— Data section —

Segment Open

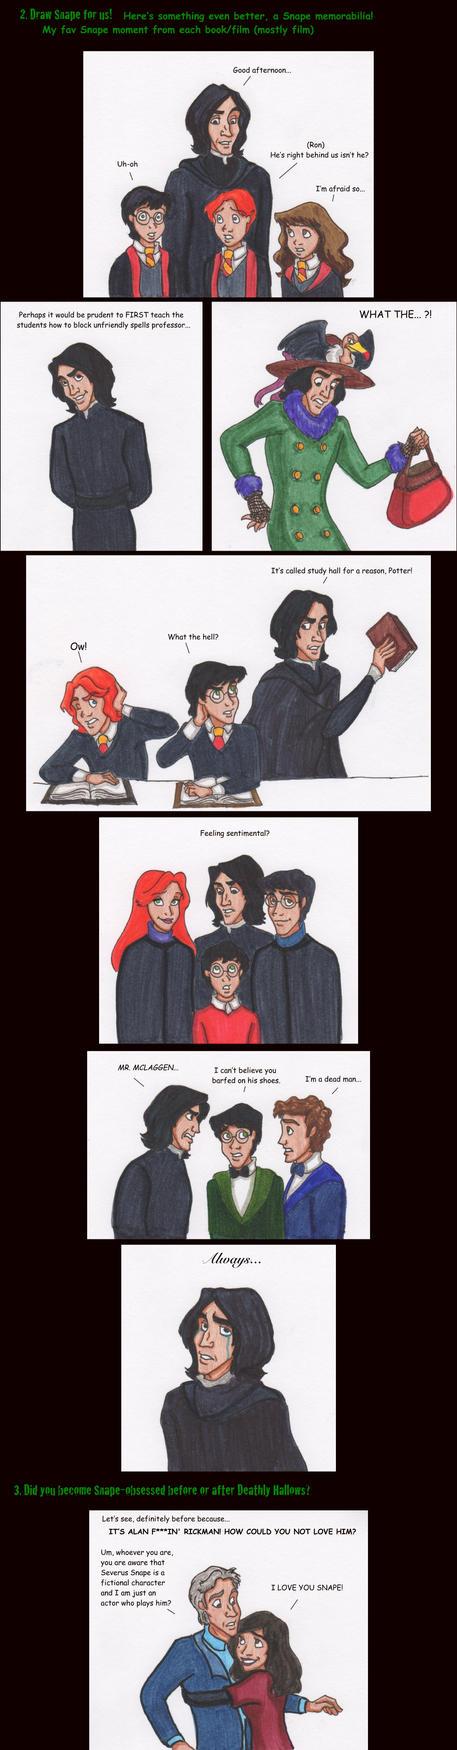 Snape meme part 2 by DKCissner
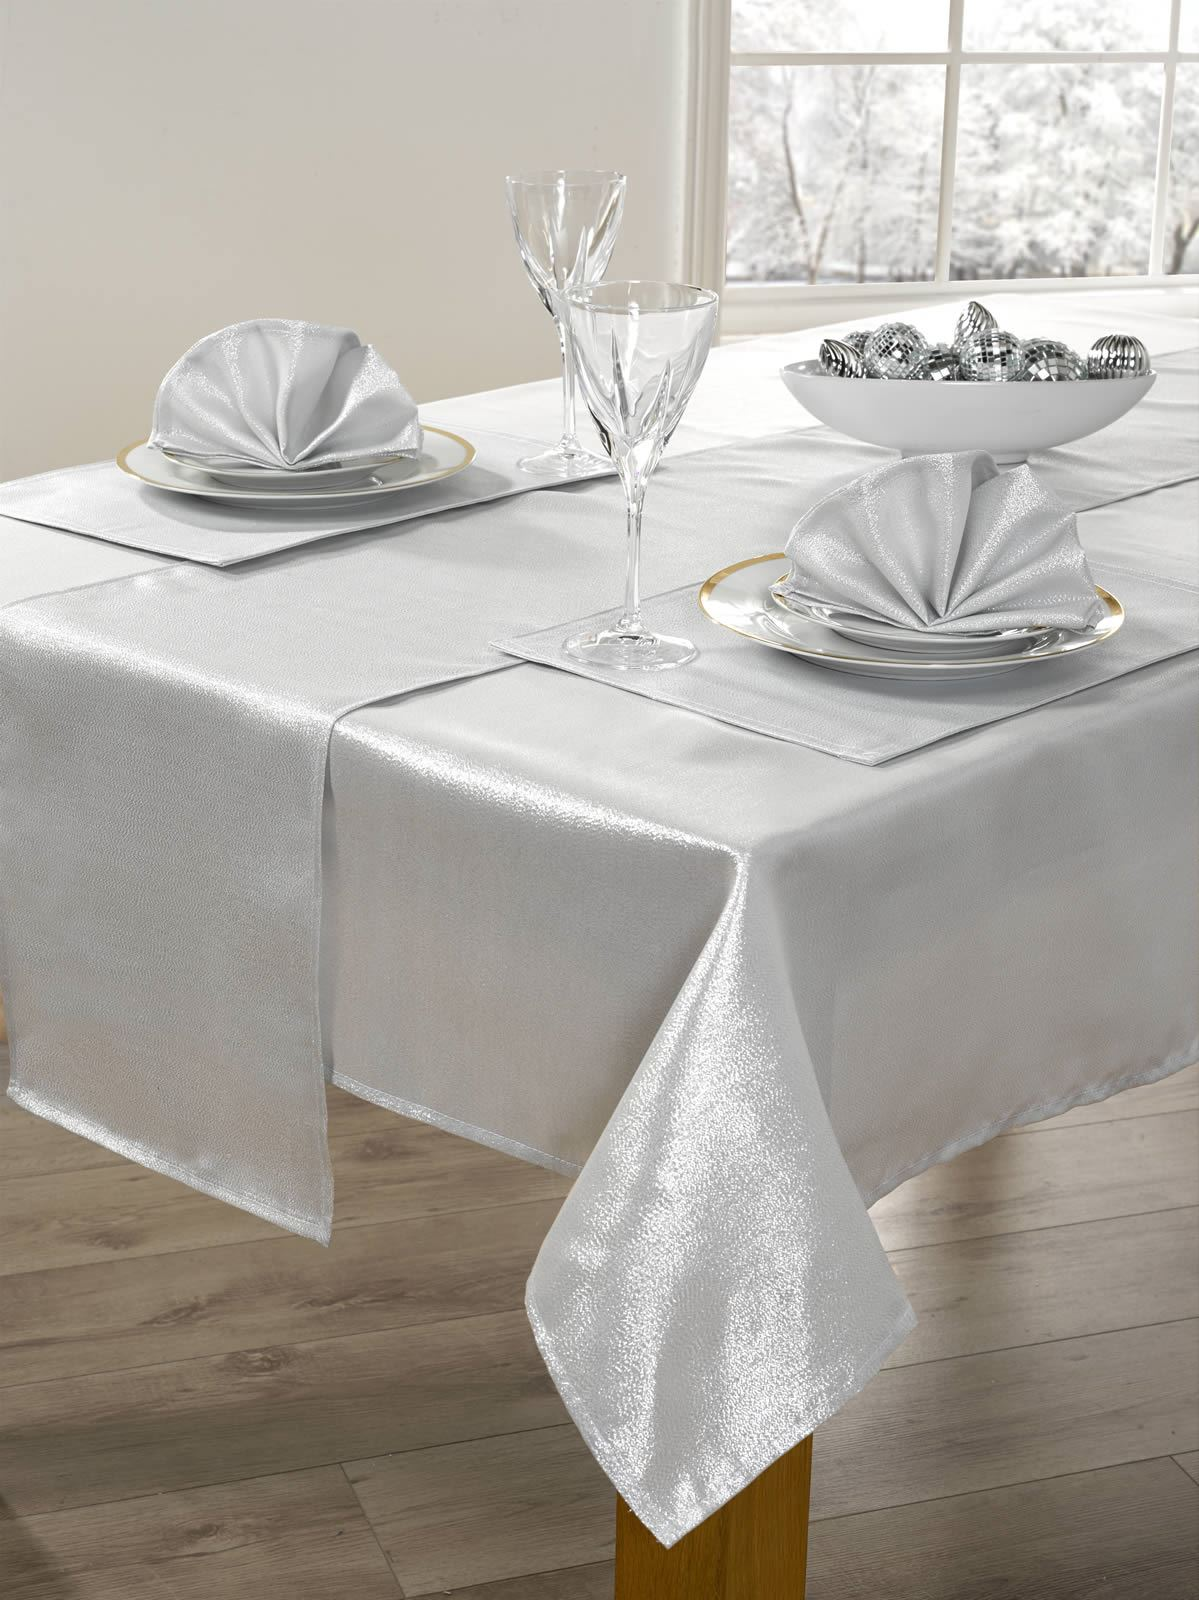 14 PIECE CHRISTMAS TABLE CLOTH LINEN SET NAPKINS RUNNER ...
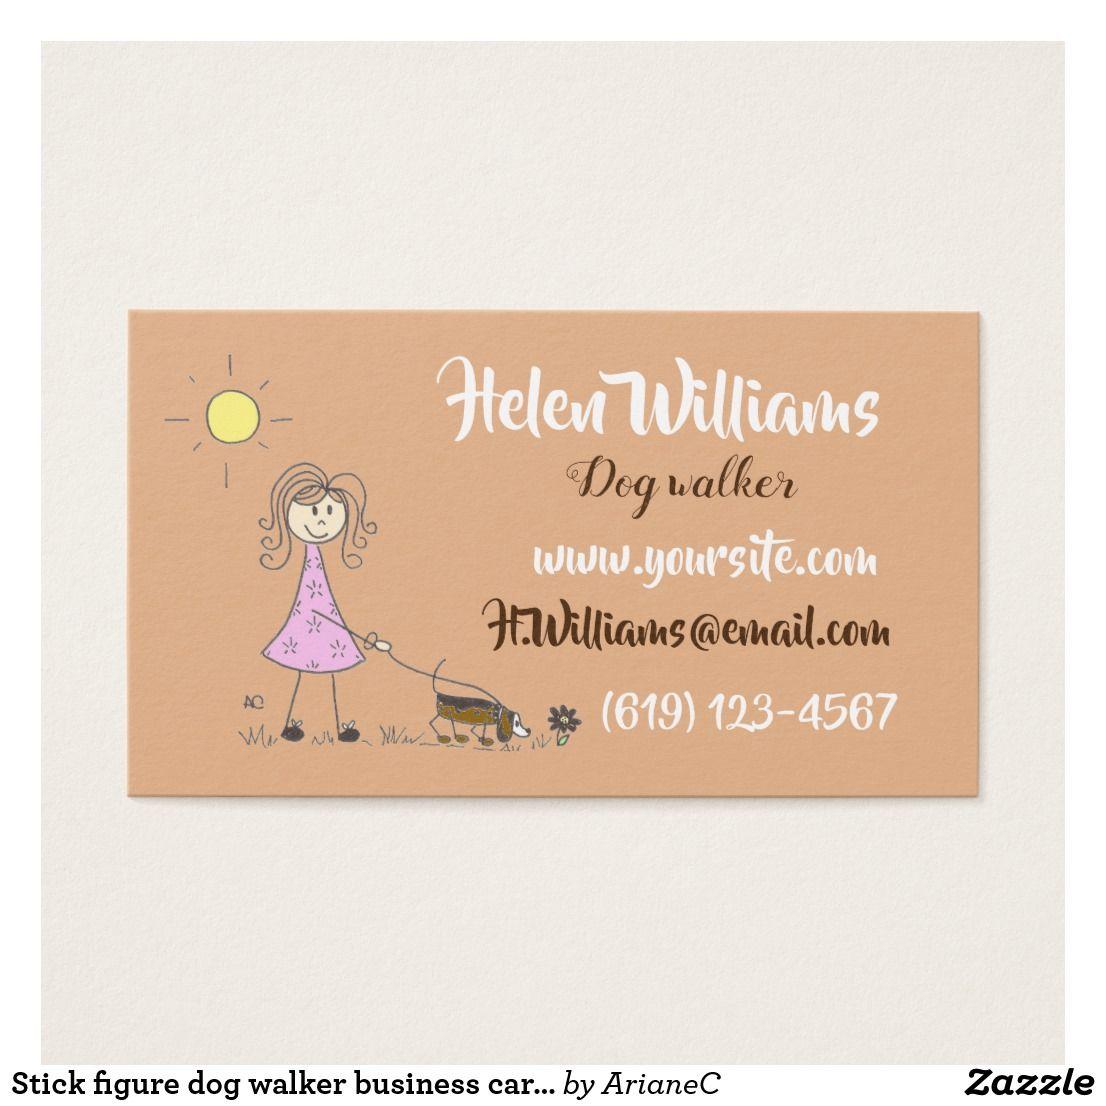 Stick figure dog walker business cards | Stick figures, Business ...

Segment Closed

— Task to carry out —
Every line of the material must be repeated exactly; pictures stay out.

— Problem solution —
 Snape meme part 2 by DKCissner
 14 PIECE CHRISTMAS TABLE CLOTH LINEN SET NAPKINS RUNNER ...
 Stick figure dog walker business cards | Stick figures, Business ...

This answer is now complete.